6. HTTP requests and image uploads
exist Qwen-Image
After the node, add a HTTP requestnode. This node will Qwen-Image
The generated image file (files
format) to the previously deployed FastAPI
serviced /upload_image/
Interface.API
The service returns a file containing the public URL
(used form a nominal expression) JSON
Data.
7. Code execution and variable assignment
(1) Extract URL
Then add acode executionnode, which is used to retrieve the data from the previous step HTTP
The request returns the JSON
The public network that parses the image in the URL
The
The code is as follows:
import json
def main(arg1: dict) -> dict:
# arg1 是 HTTP 节点返回的 JSON 对象
# 根据 FastAPI 的返回结构,URL 在 'url' 字段中
image_url = arg1.get('url')
return {
"result": f"Image URL is {image_url}",
"picture_url": image_url
}
The node will output a file named picture_url
of the new variables.
(2) Update session variables
At the end of the process, add avariable assignmentnode. Its role is to take the new image output from the code execution node URL
Assigning a value to a session variable picture_url
. That way, when the next round of dialog begins, thepicture_url
It will then hold the address of the latest image, ensuring that the graph change function always works on the correct image.
8. Direct response
Finally, use thedirect responsenode to display the generated image to the user. The node can be configured to display HTTP
The image file returned by the requesting node.

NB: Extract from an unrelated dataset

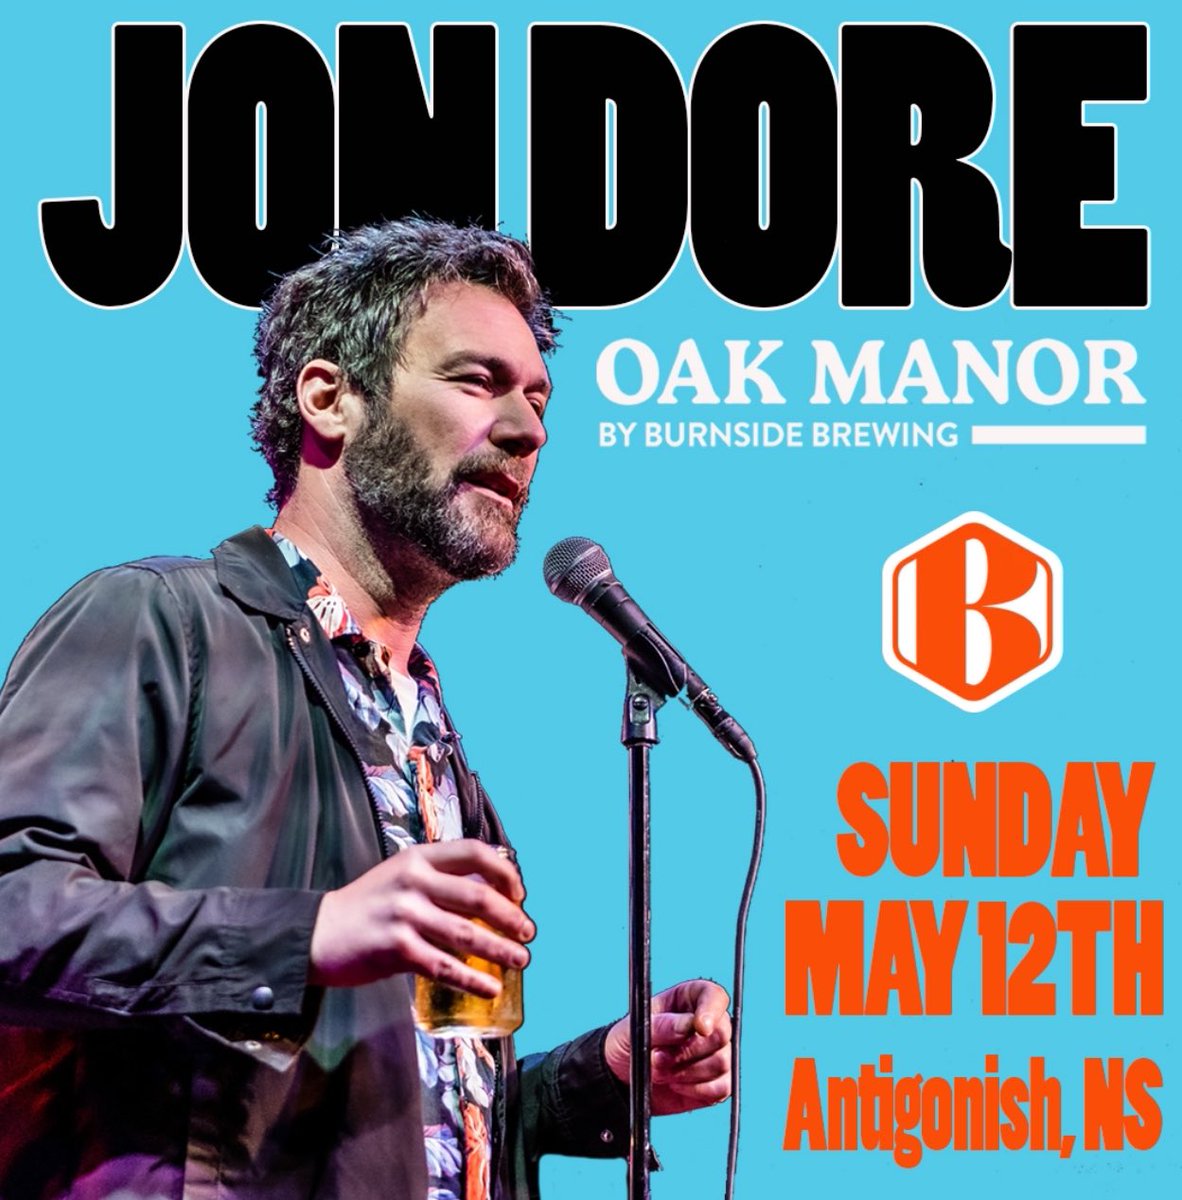 Mighty Antigonish Nova Scotia! Join me May 12th! It’s gonna go good! Tickets at jondore.com
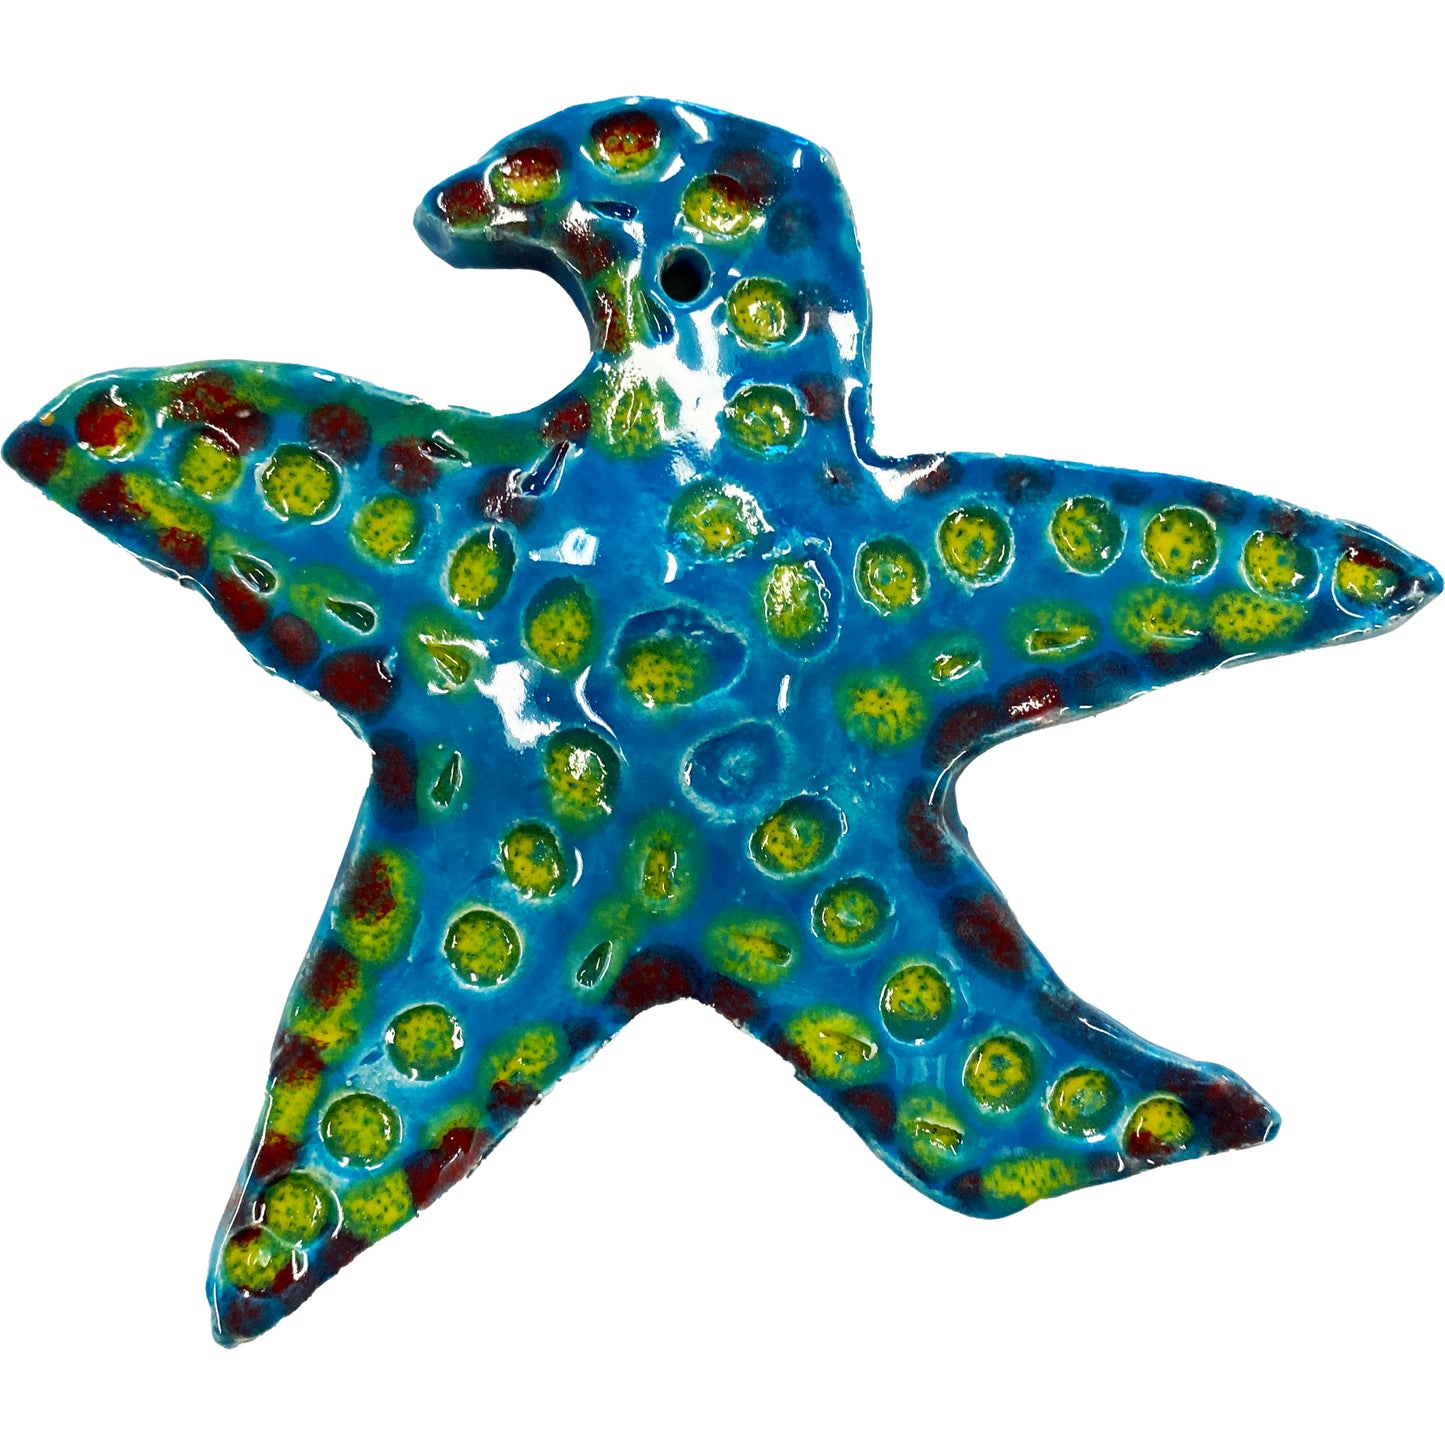 Ceramic Arts Handmade Clay Crafts Fresh Fish Glazed Starfish 6-inch x 5-inch made by Loreen Bartschi and Ryan Pinder

Final Test and Verification
After completing the workflow build, you can click Dify
Preview" button in the upper right corner to test.
Test 1: Vincennes Chart
Enter the request:
Generate me an overbearing couplet to put on the door in a handsome script font
Previous couplet: Ambition for the future
Next couplet: A new chapter of ambitious endeavors
Banner: Great Expectations
The system successfully generated a picture of the couplet that met the requirements:
Test 2: Chart to Chart
In the same dialog, continue to enter modification commands:
Change the horizontal scroll of this couplet from "Great Expectations" to "Great Prospects".
The system understood the instructions and made changes based on the previous image, successfully replacing the crossword content:
Through the above process, an intelligent body capable of multi-round dialog and supporting text generation and image editing is built. The program cleverly combines the Dify
The ability to choreograph,ModelScope
modeling resources and cloud storage services for the implementation of complex AI
The application provides a cost-effective and efficient example.